A parallel installation (Tawa) of film projections onto interior room walls will feature juxtapositions of moving images that produce abstract interpretations of past uses of the building as a draper’s and dwelling for Maori whalers among others long forgotten. Large format projections of patterns and colours characteristic of The Rocks will combine with an abstract, ambient sound-scape and engage the architecture of the building. Film sequences will extend the chromatic research by Lymesmith, providing a virtual or ephemeral parallel to the material catalogue and archive.

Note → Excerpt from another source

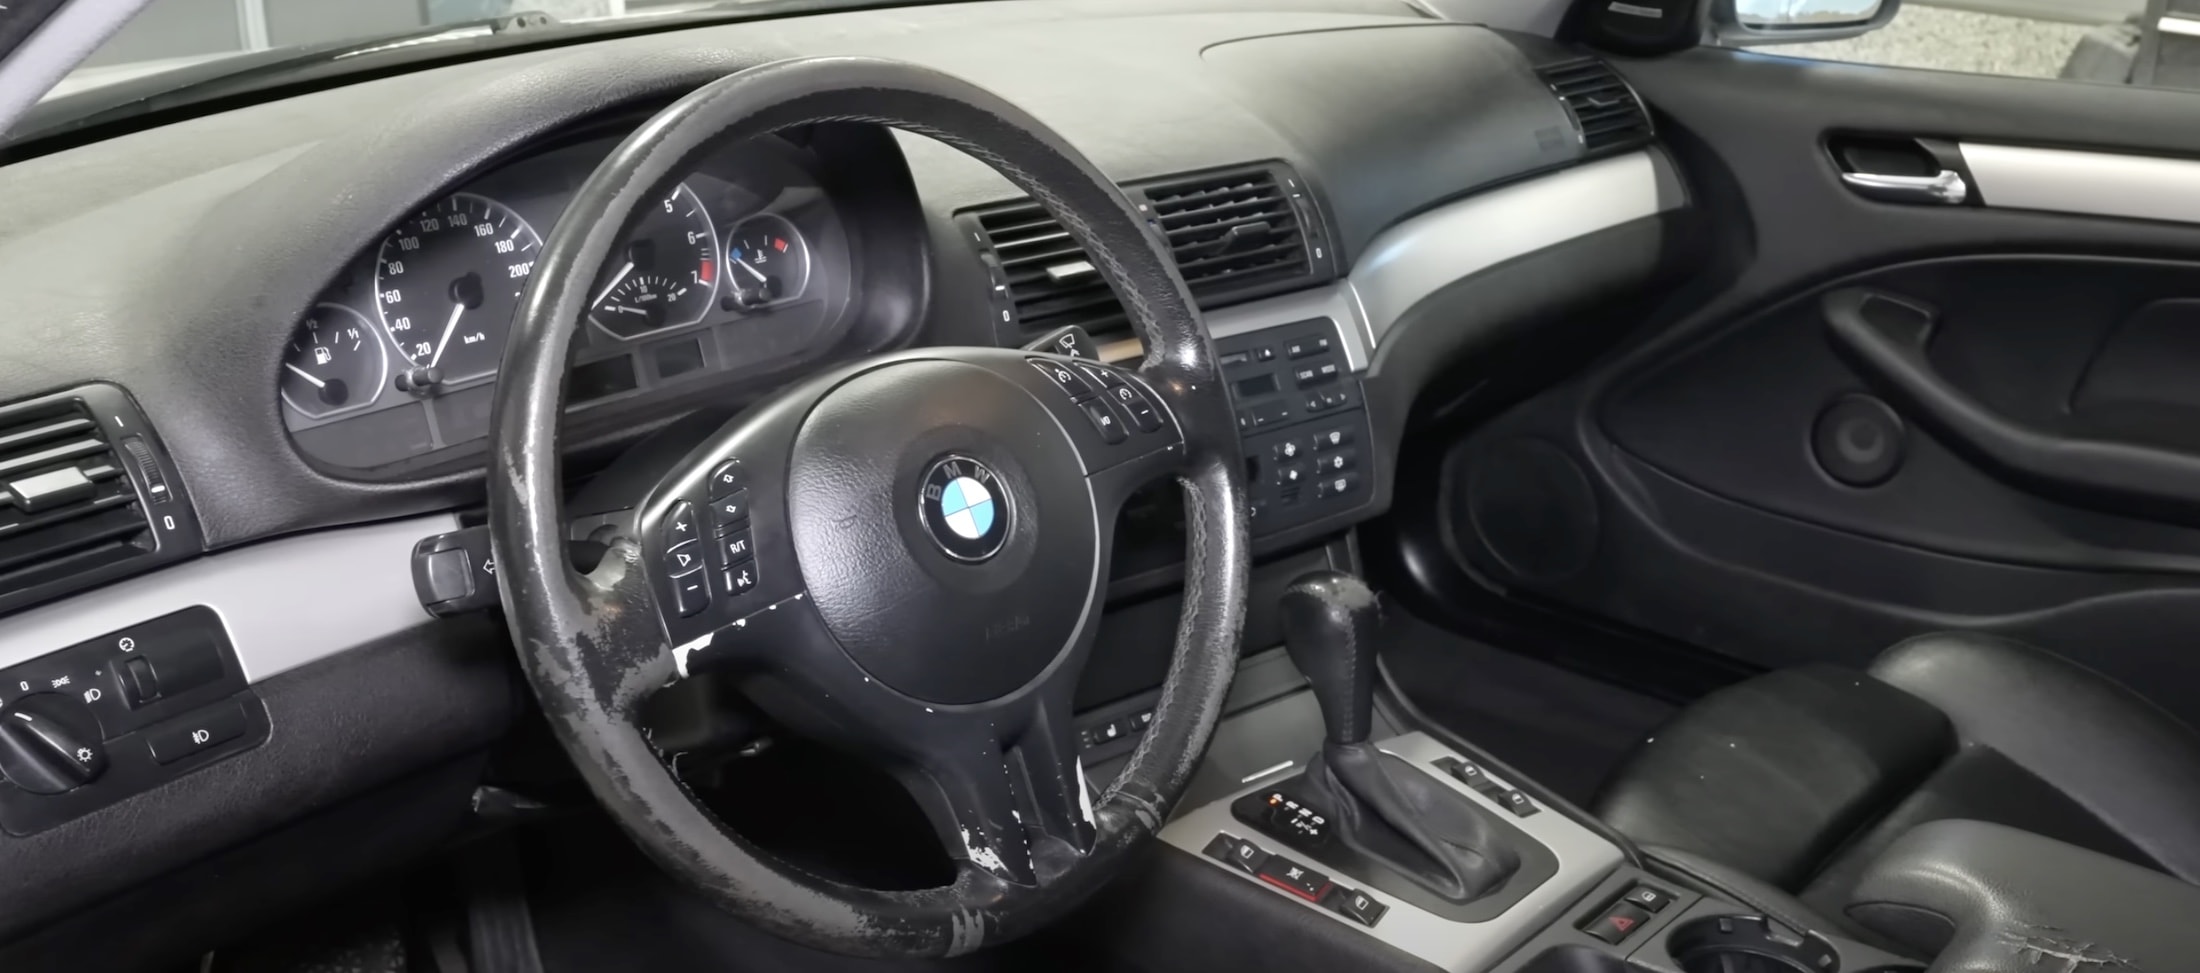 The Rebirth of a BMW 325i

Gardner, W.H and MacKenzie, N.H. The Poems of Gerard Manley HopkinsOxford: Oxford University Press, 1970: xx.

Michael Tawa is an architect, Professor of Architecture at the University of Sydney and Visiting Professor at the University of Newcastle (UK). He has been Visiting Thinker at the Centre for Ideas (VCA, 2011) and External Scholar, SASA Gallery (UniSA, 2010/2013). His book Agencies of the Frame (2010) investigated parallels between cinema and architecture. He has collaborated with artists including Paul Carter, Janet Laurence, Richard Goodwin and Ruark Lewis; and worked with Mireille Astore on the film Hunter for the group show Alchemy (SCA, 2012) and Belqis Youssofzay on Interstice for the Tin Sheds group show Badlands and Interstice (2013).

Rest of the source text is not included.